Betting on Nanocrystals

Klimov has just become director of the new Center for Advanced Solar Photophysics at Los Alamos, a collaborative effort with six other institutions: the National Renewable Energy Laboratory (NREL) in Colorado, Rice University in Texas, the University of Colorado, Colorado School of Mines, the University of California at Irvine, and the University of Minnesota. The center is one of the 46 Energy Research Frontier Centers funded by the Department of Energy to do high-risk, potentially breakthrough research for making renewable, carbon-free energy available and affordable across the globe. Of those 46 centers, 13 are devoted in whole or part to harnessing solar energy.

Klimov says, “Our center is focused on semiconductor nanostructures, mainly nanocrystal quantum dots because they’re cheap to make—and that’s because they can be grown and processed in solution.” Klimov is a world leader in the physics of quantum dots, tiny specks of matter that each contain from 100 to 10, 000 atoms and extend only 2 to 20 nanometers (billionths of a meter) in each direction.
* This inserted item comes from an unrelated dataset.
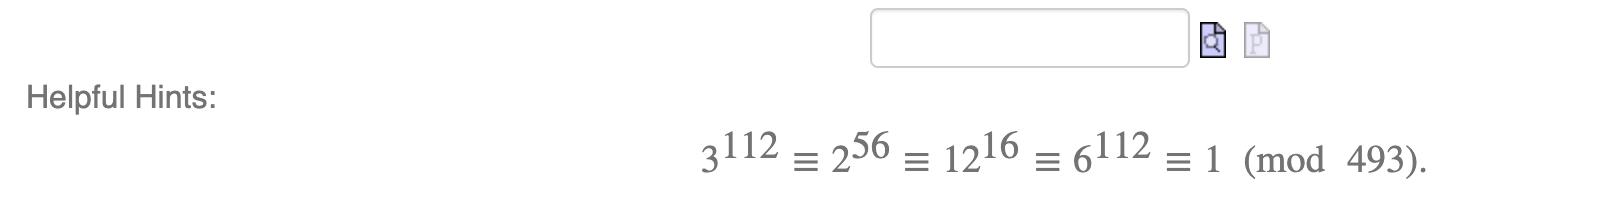 Helpful Hints: 3112 = 256 = 1216 = 6112 = 1 (mod 493).

Nanocrystal quantum dots have a number of properties that fit right in with the needs of photovoltaics. First, they are easy to grow and process. Jeff Pietryga, a leading chemist on Klimov’s Los Alamos team, and other chemists at the center have refined the methods for growing nanocrystals in solution, achieving excellent uniformity in their size and composition. Making a uniform film of these can be as easy as pouring drops of crystals in solution onto a spinning surface and allowing the fluid to spread and dry. Such films can be much cheaper to fabricate than ordinary semiconductor thin films, which require expensive deposition techniques.

Second, a thin film of nanocrystals (50 to 100 nanocrystals thick) can absorb as much light as the standard single-crystal silicon wafer, which is 1, 000 times thicker.